The files of dozens more accused priests are expected to be released in the coming weeks as part of a 2007 settlement agreement with more than 500 alleged victims. A judge recently ruled that the church must turn the files over to attorneys for those people with the names and titles of members of the church hierarchy blacked out after The Associated Press and the Los Angeles Times intervened.
The documents released Monday and the additional 30,000 pages expected soon raise the possibility of renewed criminal scrutiny for Mahony and other members of the archdiocese hierarchy. Mahony retired in 2011.

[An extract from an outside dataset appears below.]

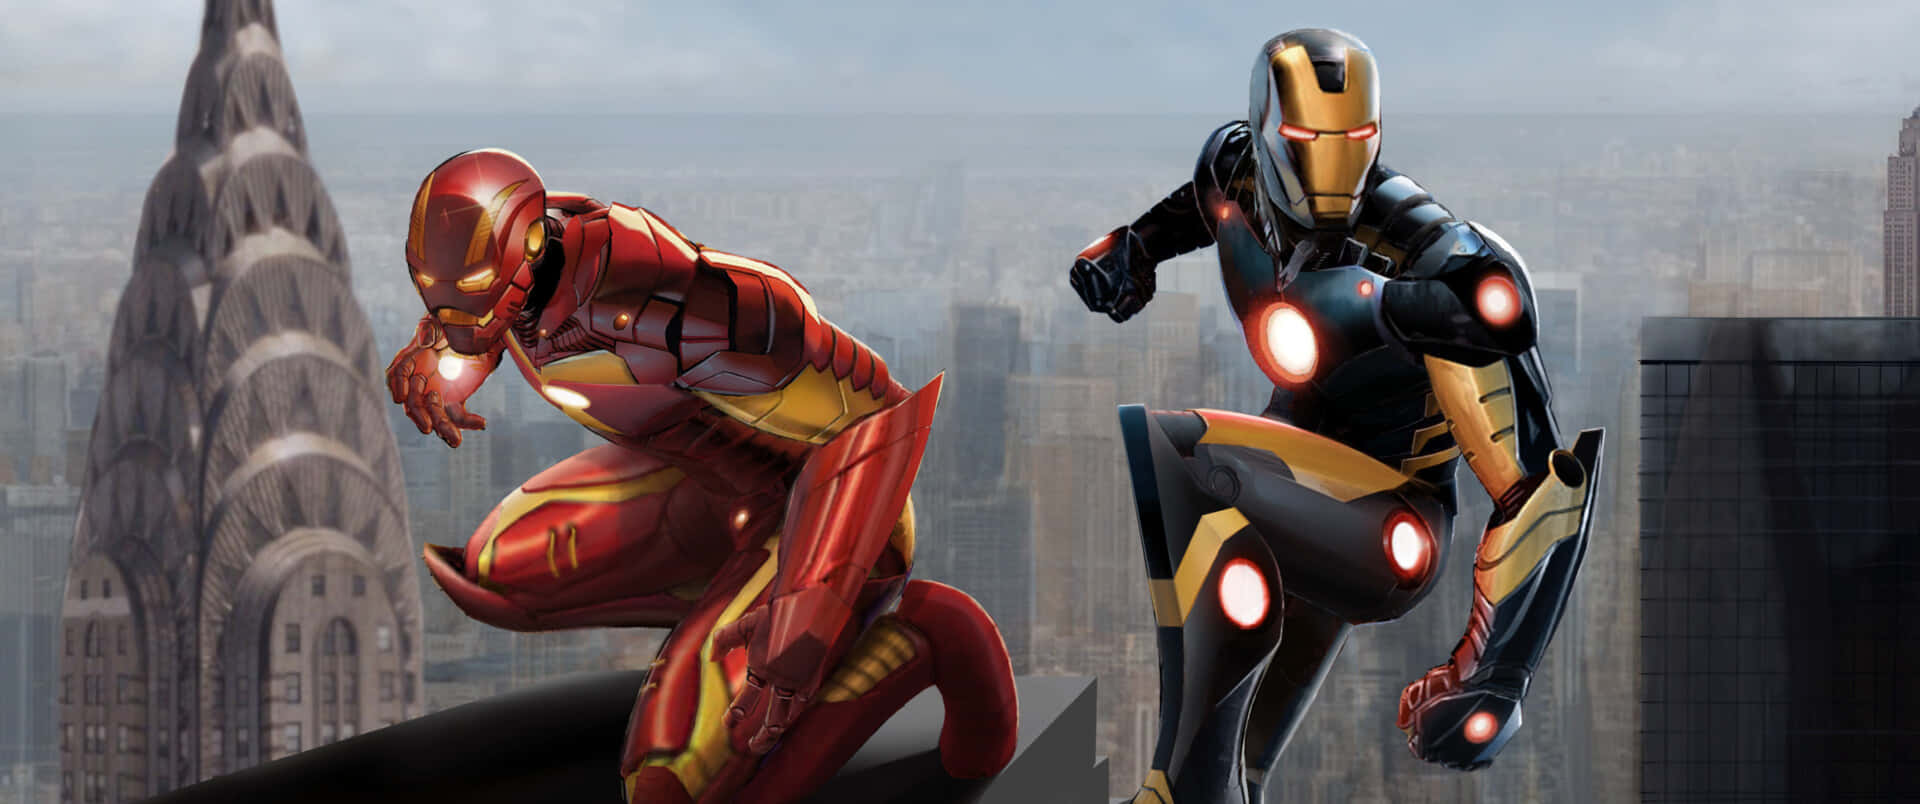 two iron man characters are flying over a city

Prosecutors in Philadelphia last year secured the conviction of a monsignor who was secretary for clergy after a change in state law gave prosecutors more time to file charges and seek evidence. In Missouri, a judge found a bishop guilty last year of failing to report child abuse to the state, making him the highest-ranking U.S. Roman Catholic official to be convicted of a crime relating to the child sexual abuse scandal.
In Los Angeles, the archdiocese and an attorney representing about 30 individual accused priests has fought for years in court to keep the priests' confidential personnel files sealed, citing the clerics' privacy rights. The church was forced under subpoena to turn over some records - but not all - to the Los Angeles district attorney during an investigation that began in 2002.
In a 2010 memo, a lead prosecutor in that eight-year investigation said the documents he had showed "the possibility of criminal culpability" by members of the archdiocese leadership, but a criminal conspiracy case was "more and more remote" because of the passage of time.
Deputy District Attorney William Hodgman said investigators had insufficient evidence to fill in a timeline stretching over 20 years and were, even then, hampered by the statute of limitations. He did not return a call or email seeking comment Tuesday.
Federal officials also tried to investigate under former U.S. Attorney Thomas O'Brien.
The U.S. Attorney's Office convened a grand jury in 2009 to hear evidence, but it yielded no indictments. It was unclear Tuesday if that grand jury was still sitting and Thom Mrozek, a spokesman for the office, declined to comment.